Es domingo, día de guardar y tal como lo escribí hace una década, se hace necesario pasar de lo fast a lo slow aunque la misión se complique más cada día en medio de la hiper estimulación visual y auditiva en la que vivimos cotidianamente tanto en la realidad como en la virtualidad. Difícil es concentrarse en escribir mientras los vecinos de todas las direcciones contiguas al departamento que habito se empeñan en realizar actividades ruidosas: martillar, escuchar música con alto volumen, dejar ladrar al perro, golpear, gritar, entre otros. Parece que la convivencia sana y civilizada se ha esfumado, que nadie sabe lo que ello significa o que, simplemente es una utopía en una sociedad neurótica.
Quizá por ello es que las experiencias sensoriales se están convirtiendo en una excelente opción para “desconectar” del ruido visual y auditivo. Actividades como el senderismo, el ciclismo de montaña, la meditación al aire libre, las actividades manuales o el teatro, nos obligan a permanecer en tiempo presente sin distractores y nos alejan del cansancio que produce la agitada vida “civilizada” en la que estamos inmersos. Producir, producir y más producir quizá hasta alcanzar el sin sentido.
Para no complicarnos con temas filosóficos o existencialistas me limitaré a decir que, la paz y la tranquilidad originadas en el brevísimo momento de abstracción cuando nos centramos en lo que perciben nuestros sentidos, transforma todo en nuestro sistema nervioso, mente y cuerpo.
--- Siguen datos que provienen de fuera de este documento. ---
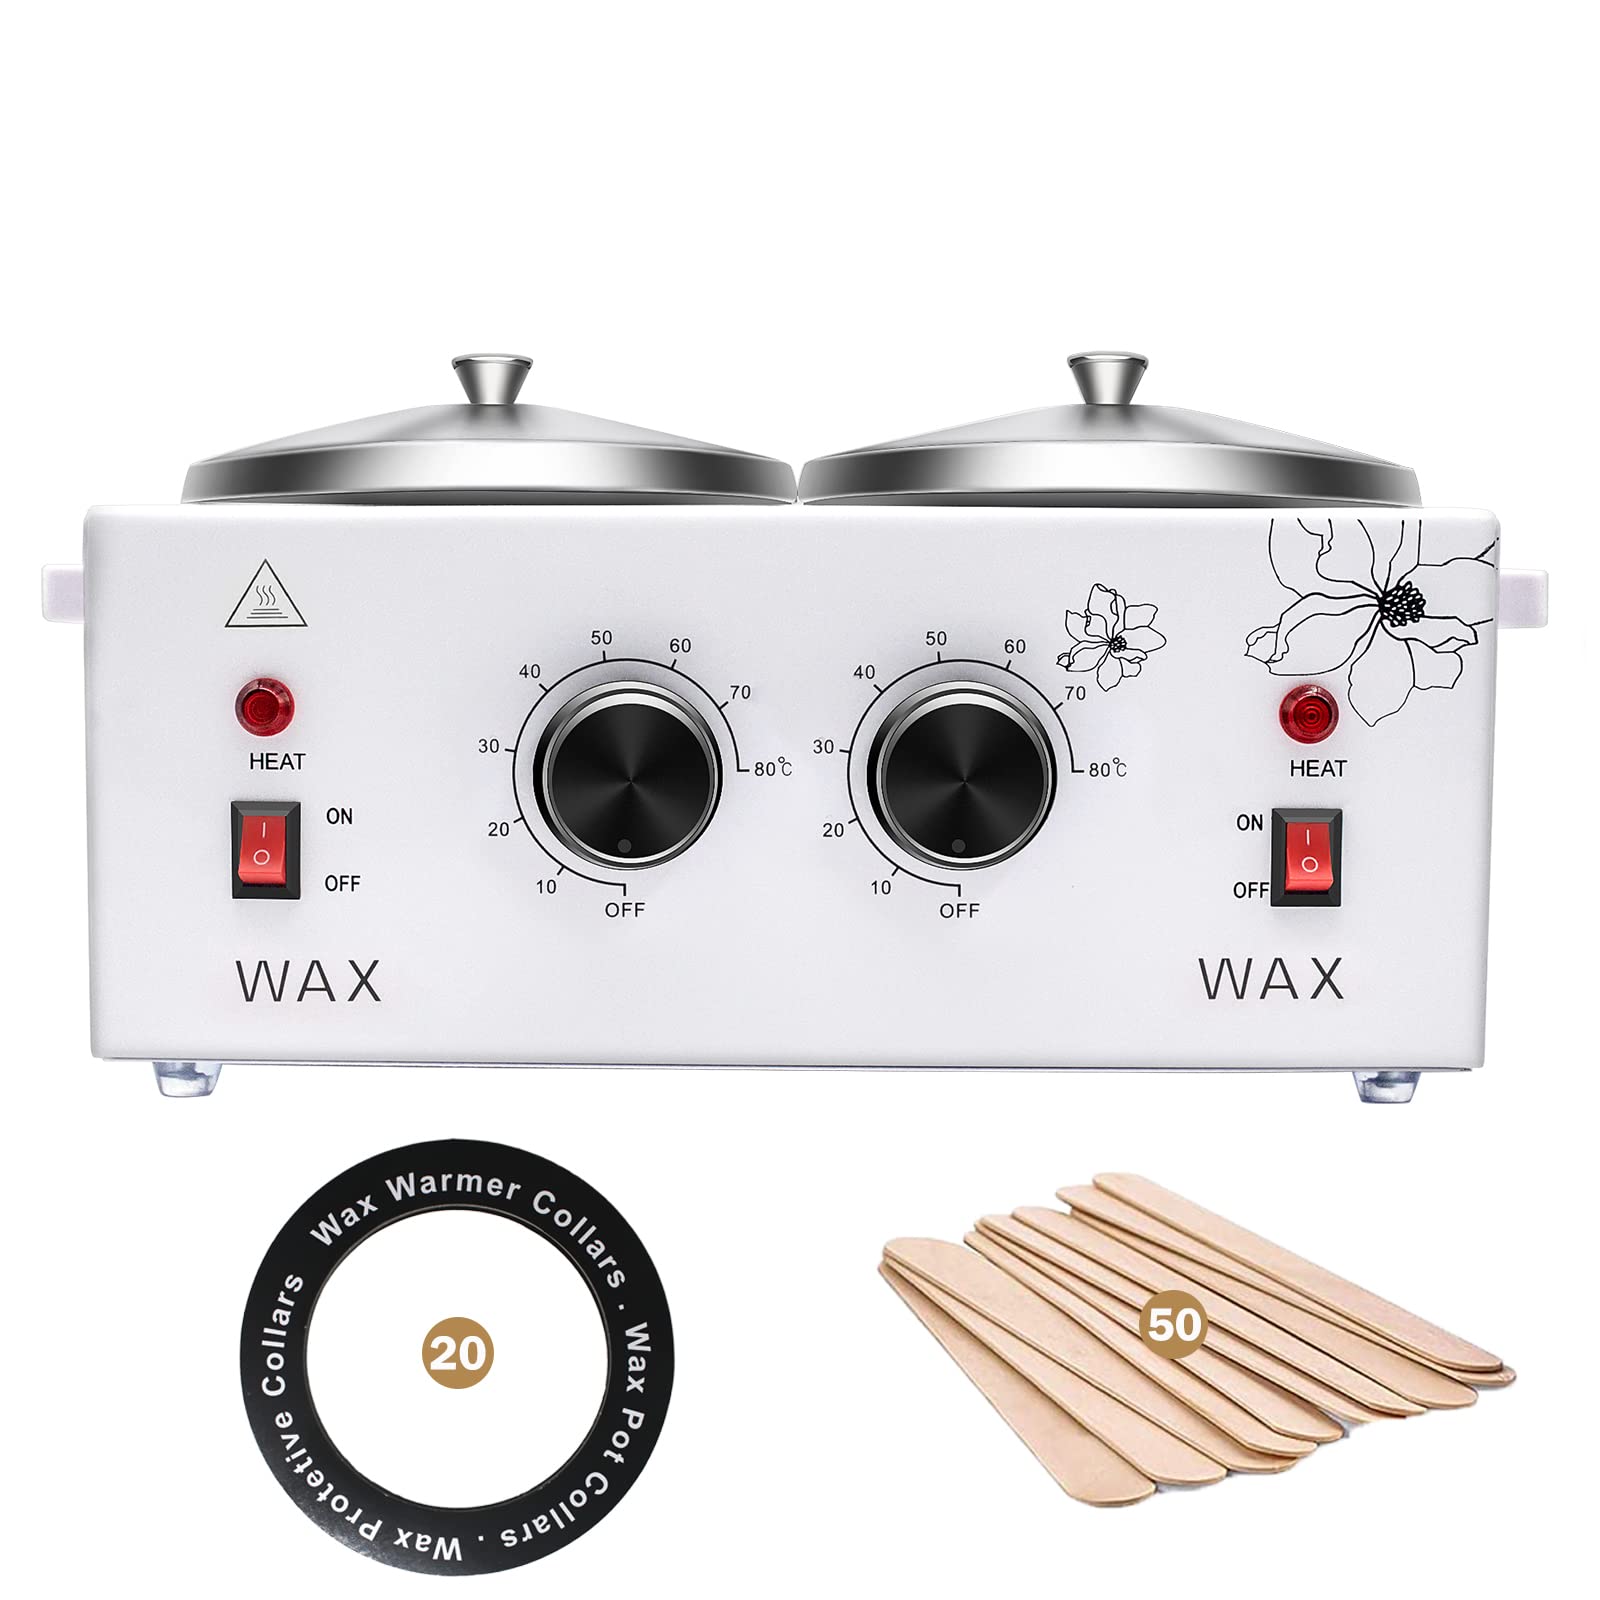 EXQST Wax Melter Heater, Double Pot Wax Heater Machine for Hair Removal,  Professional Waxing Kit Wax Warmer, Large Wax Pot for Spa Salon Beauty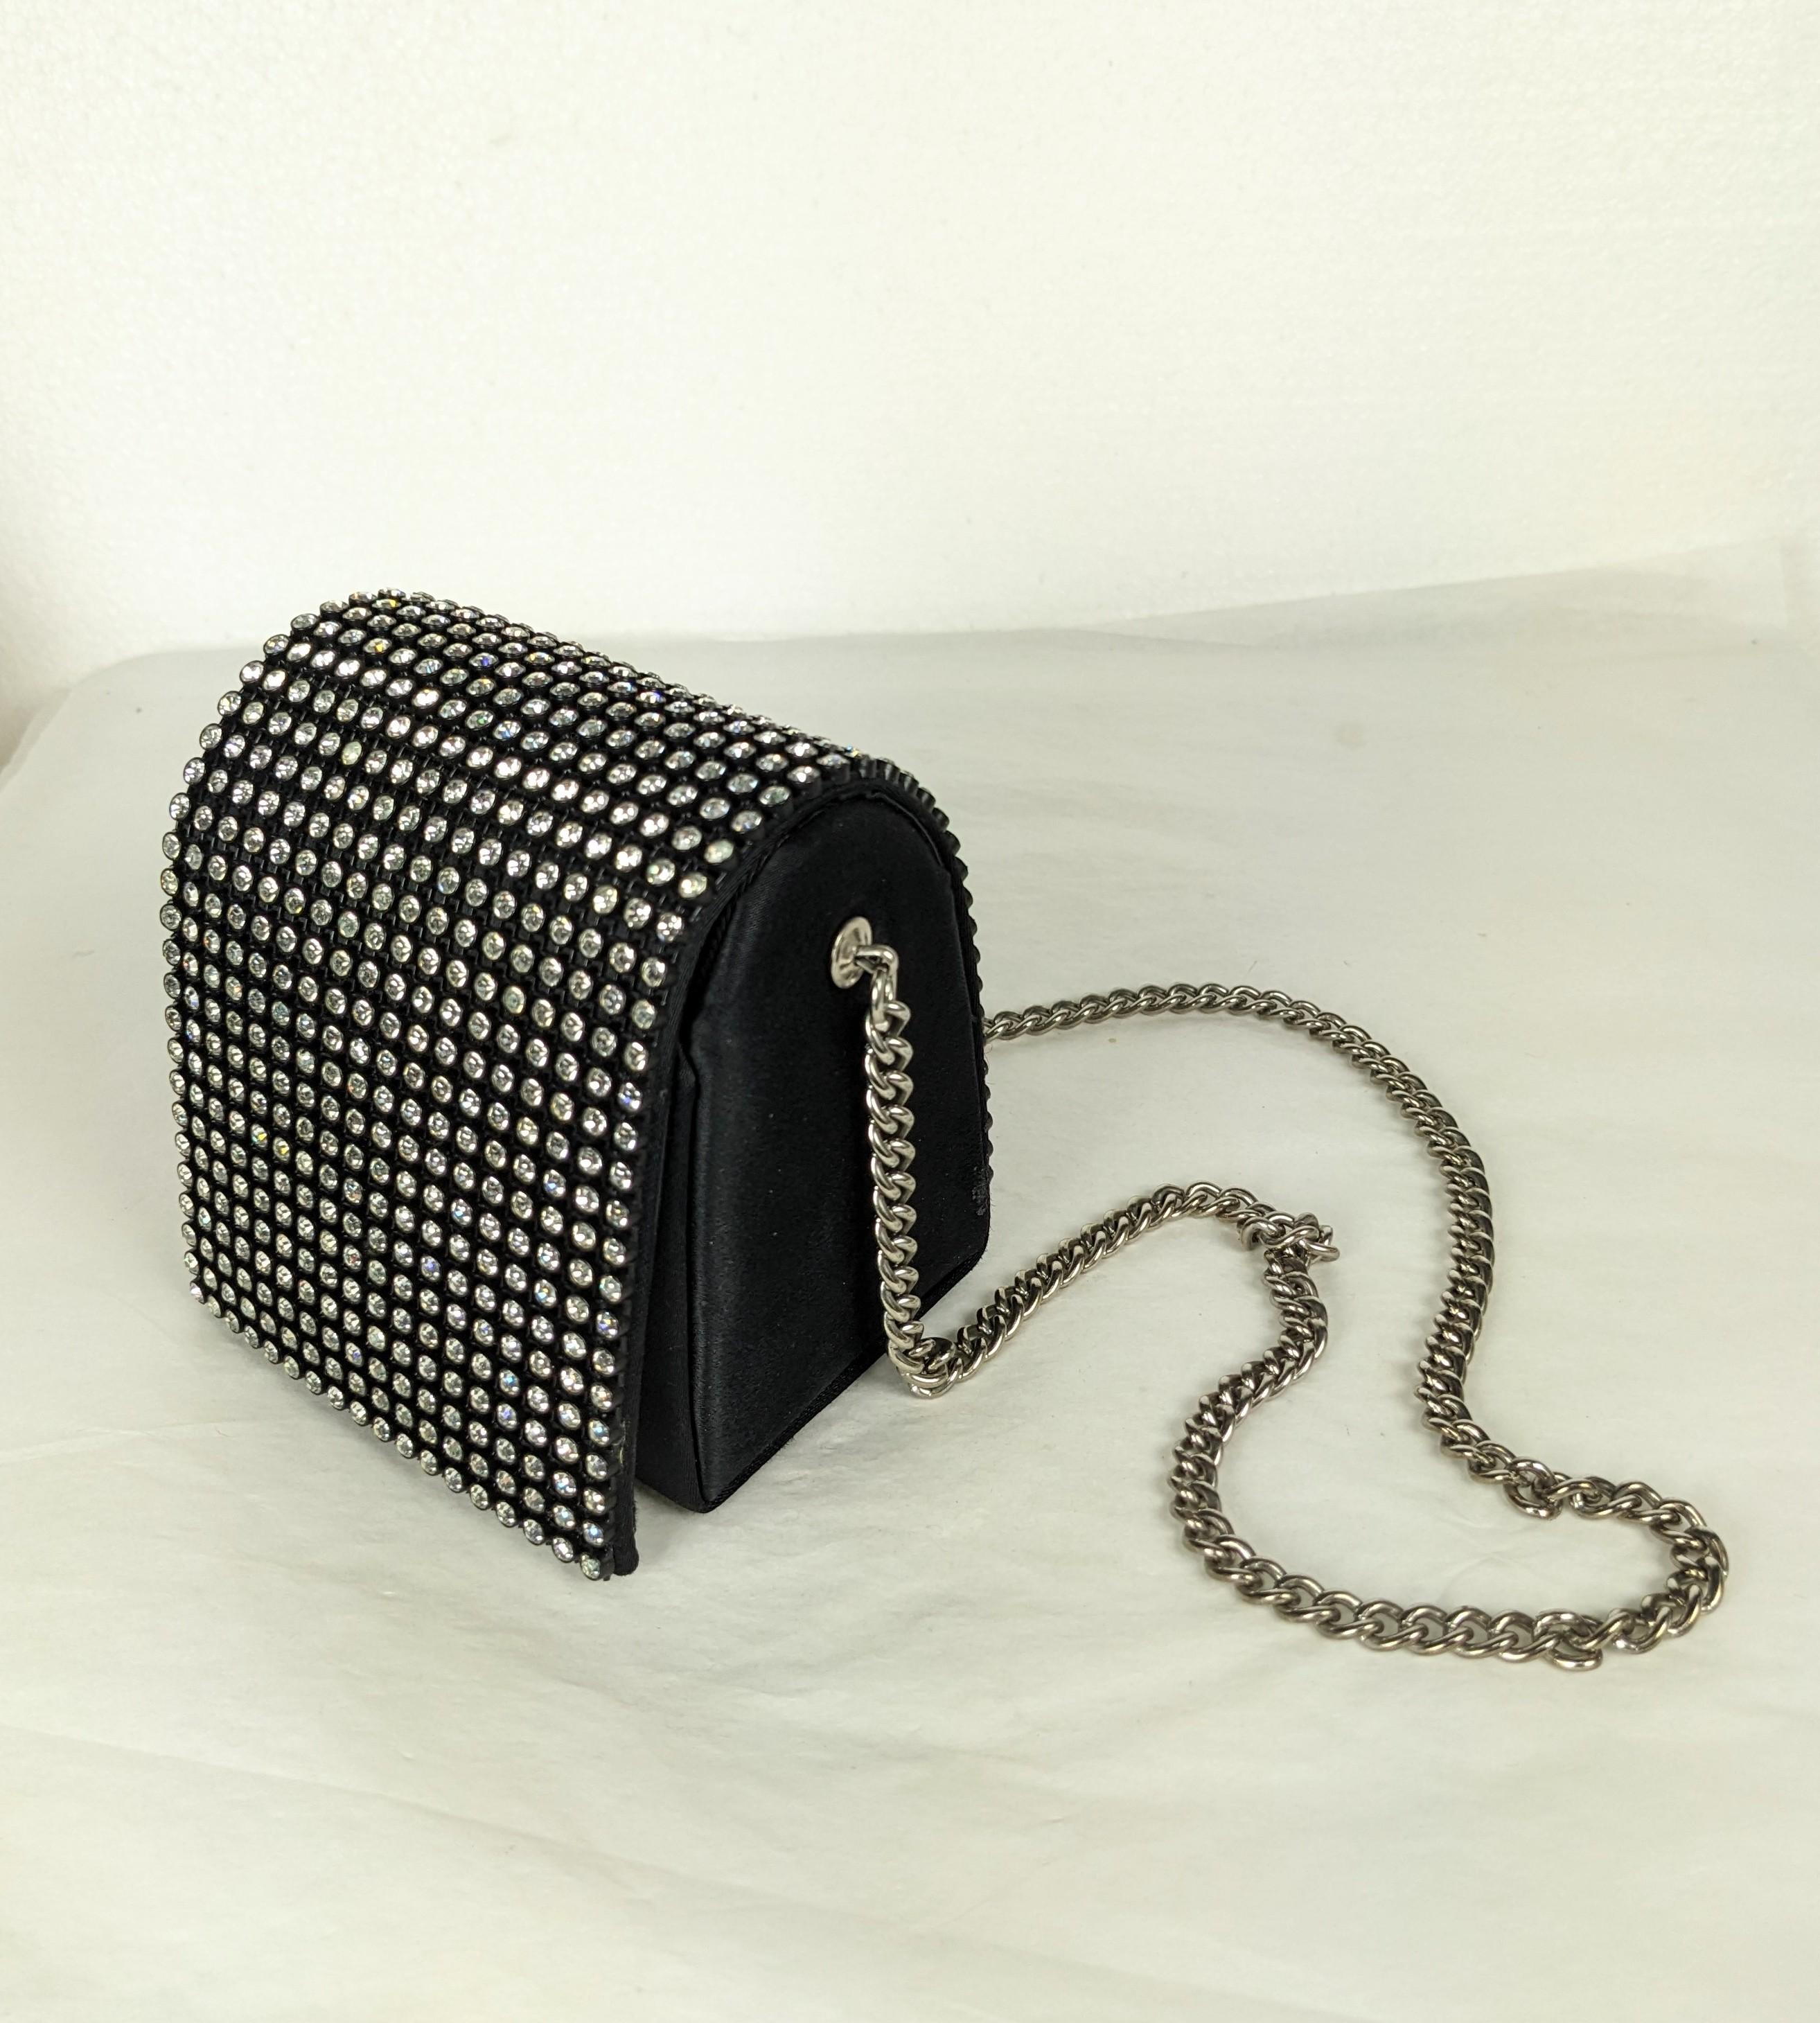 Charming Arnold Scassi Pave Mini Cube Novelty Bag from the 1960's which holds very little, maybe a lipstick, a flip phone and some tissues. Rhinestone trimmed flap, Satin exterior, faille lining. Silvertone chain. 1960's USA.  3.5

Lejos de la sobre estimulación, el cuerpo se relaja y entonces llega la lucidez, se abre el espacio necesario para sentir más allá de permanecer en la mente y percibir lo que pasa en nuestro entorno y es entonces que, llega la oportunidad para decidir desde un momento de calma y no desde el estrés.
Escribir a mano es una habilidad que se aleja cada vez más de nuestro cotidiano, hacerlo en la computadora simplifica tiempo, pero requiere concentración y hoy, de cara al exceso de ruido ambiental concentrarse parece un lujo por el cual tendremos que pagar en muy breve tiempo, porque eso será más simple que pedir a los vecinos ruidosos que consideren que habitan en un condominio y no, en una mansión con metros y metros de separación entre una y otra. ¡Nos leemos a la próxima!